Entertainment

'Horrible Bosses 2' Shows Off Outdated Homophobia

by Michael Arbeiter

Nobody will be shocked to find a fair share of imbecilic humor in Horrible Bosses 2 . The sequel to the 2011 surprise hit ups the ante on the idiocy of its characters, the silliness of its situations, and on its proclivity for mining the crass for comedy. Granted, writer/director Sean Anders’ entry might supplant the occasional wit of its predecessor (the product of director Seth Gordon and writers Michael Markowitz, Jonathan M. Goldstein, and John Francis Daley) with the flustered yellings of Charlie Day and behind-the-curtain-sight-gags that were tired by the third Austin Powers, but none of it strays too far from the shtick of the original. Among all of these perfectly admissible elements, however, there is something that stands out as a bit too big a regression: one particular instance of not-so-latent homophobia.

The eyebrow-raising episode comes about during yet another example of an old gag played without remorse. Jason Bateman’s character Nick stumbles into a sex addiction support group meeting during a heist operation at Dr. Julia Harris’ (Jennifer Aniston, back in maniacal step from the first go 'round) dental practice, and keeps his cover by insinuating himself as a fellow addict seeking counsel… under the mistaken impression, however, that the group is devoted to the counsel of alcoholism.

As such, in the grand tradition of broad comedy misunderstandings, Nick lays forth a slew of nebulous verbal illustrations of his false struggle that play, “humorously,” as accounts of homosexual experiences. The noun-deficient language he uses to cite the chugging of beers and liquor bottles, for instance, translates to the group members as sexual in nature, eventually leading one of them to call out explicitly his admission of addiction to sex with other men. Here’s where the problem comes in.

Nick is instantly aghast at this accusation, driven to insist against the misconception that he is gay until he realizes it more opportune for his scheme to play along with the ruse. But that brief minute or two in which his character feels instinctively driven to assert his heterosexuality plays like a glimpse into an ideology we all thought was dead.

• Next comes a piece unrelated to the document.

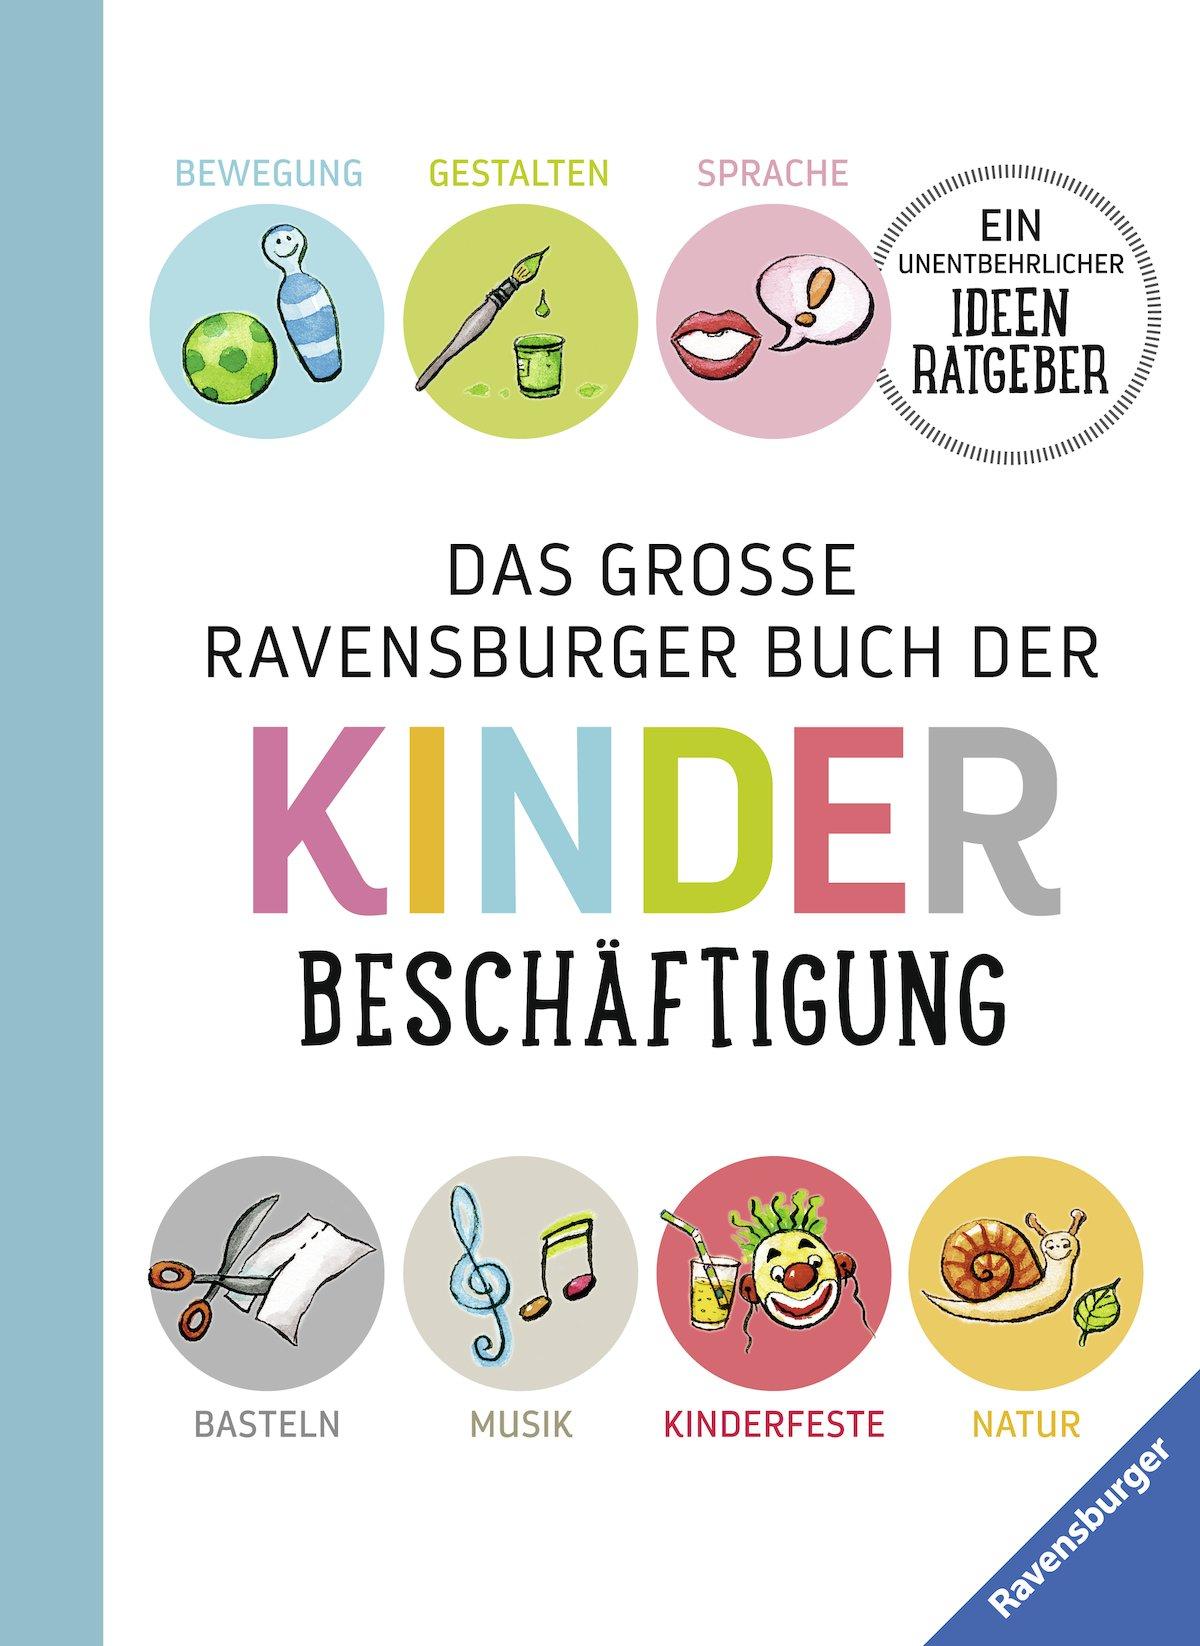 Das große Ravensburger Buch der Kinderbeschäftigung: Amazon.de: Bertrun  Jeitner-Hartmann, Helga Braemer, Renate Falk, Kraft Geer, Edith Harries, ...
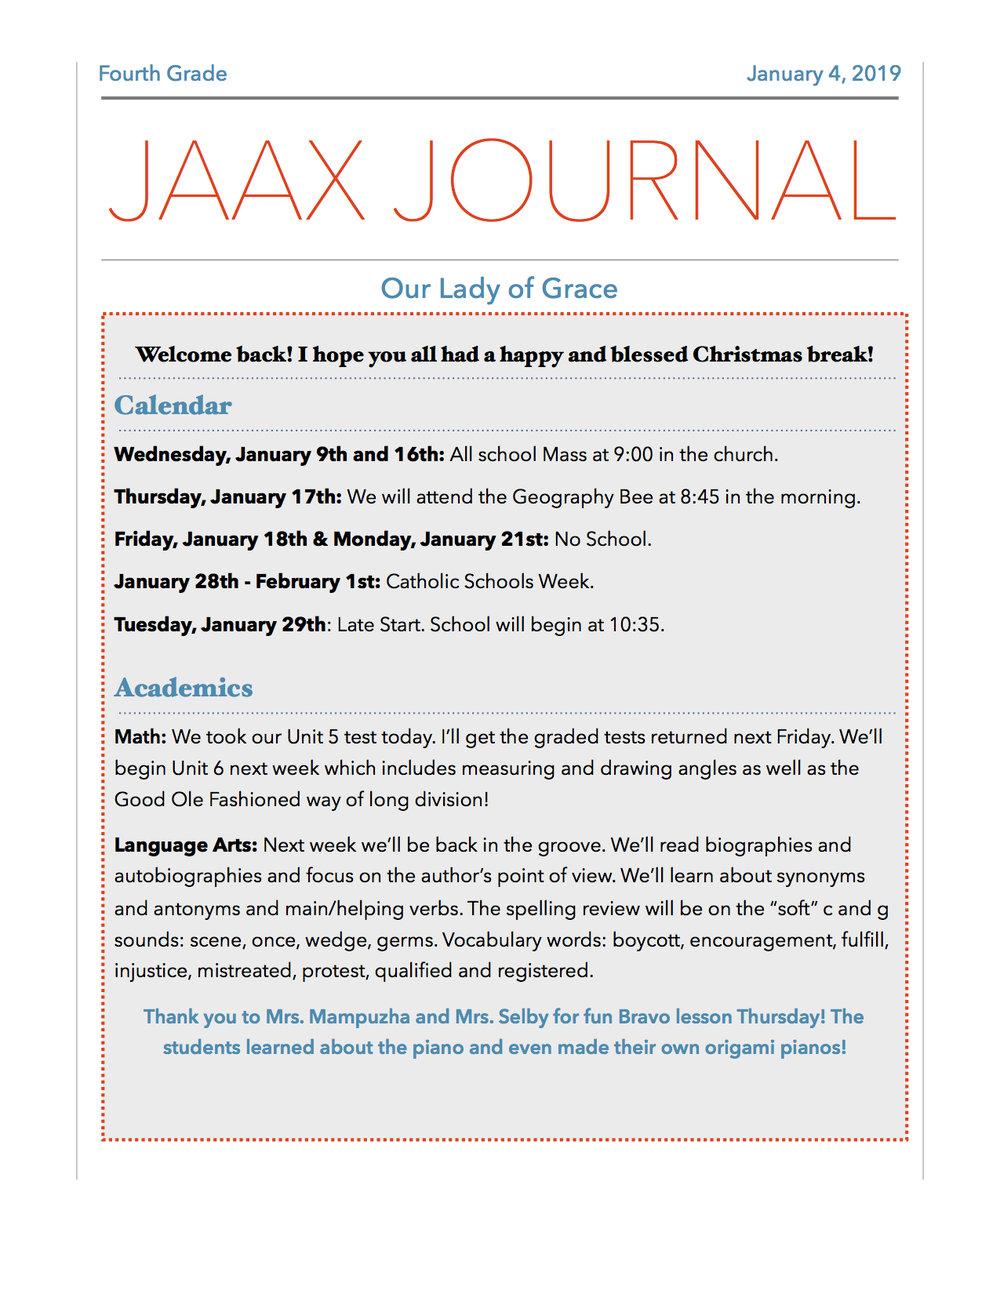 JaaxJournal1-4-19.jpg

Knee-deep in fraud and surrounded by strangers, there is no conceivable reason for Nick to feel charged to express his deficiency of homosexual inclinations other than homophobia. But that’s just the thing: Horrible Bosses 2 doesn’t paint Nick to be a bigot in this, or any other, instance. It doesn’t condemn him for his reflex horror at the realization that he's been misconstrued as gay. It doesn’t even feel the need to make explanations or excuses for his behavior. The movie seems to think that this abject aversion to the notion in question is the way anyone would behave. That Nick’s is the go-to, normal response. And there’s something about that that feels pungently retrogressive.

I’d be crazy to suggest that homophobia itself is a thing of the past, but recent years have seen a brilliant shift in American culture’s allegiance in the battle. That aversion that we see in Nick is no longer given the normative treatment, often lampooned or criminalized when it does come to light in a piece of entertainment. Those upholding these proclivities are compartmentalized as agents of a mentality no longer prevalent; outspoken homophobes are set aside as members of a subculture, and one with crumbling esteem beyond its own margins. Yes, the prejudices prevail, but pop culture on the whole seems to have hopped aboard the bandwagon that laments them as irrefutably backwards.

But here we have Horrible Bosses 2 suggesting that any hot-blooded American male would be disgusted to be thought of as gay.

Granted, the movie isn’t malicious, depicting Jason Sudeikis’ Kurt as overwhelmed with glee over the news that his best pal might be gay. But this innocuousness might actually worsen the matter: without a clear villainous intent, it’s harder to identify what Horrible Bosses 2 is doing with this gag as terrifically problematic. No, it isn’t going out of its way to condemn homosexuality, not at all. It’s simply endorsing the idea that being gay is weird, or different, or somehow lesser.

But more than offended did I, when watching the film, feel bewildered. Does this mentality exist anymore at the pop culture summit? Hasn’t the media stepped far enough away from these old fashioned inclinations as to render the lot of them without a place in modern cinema or TV? Can a movie really get away with insinuating that any man, even a smart one like Nick, would be automatically defiant to the notion that he might be homosexual?

Call me naïve, but it all seems even more outdated than that Austin Powers behind-the-curtain gag.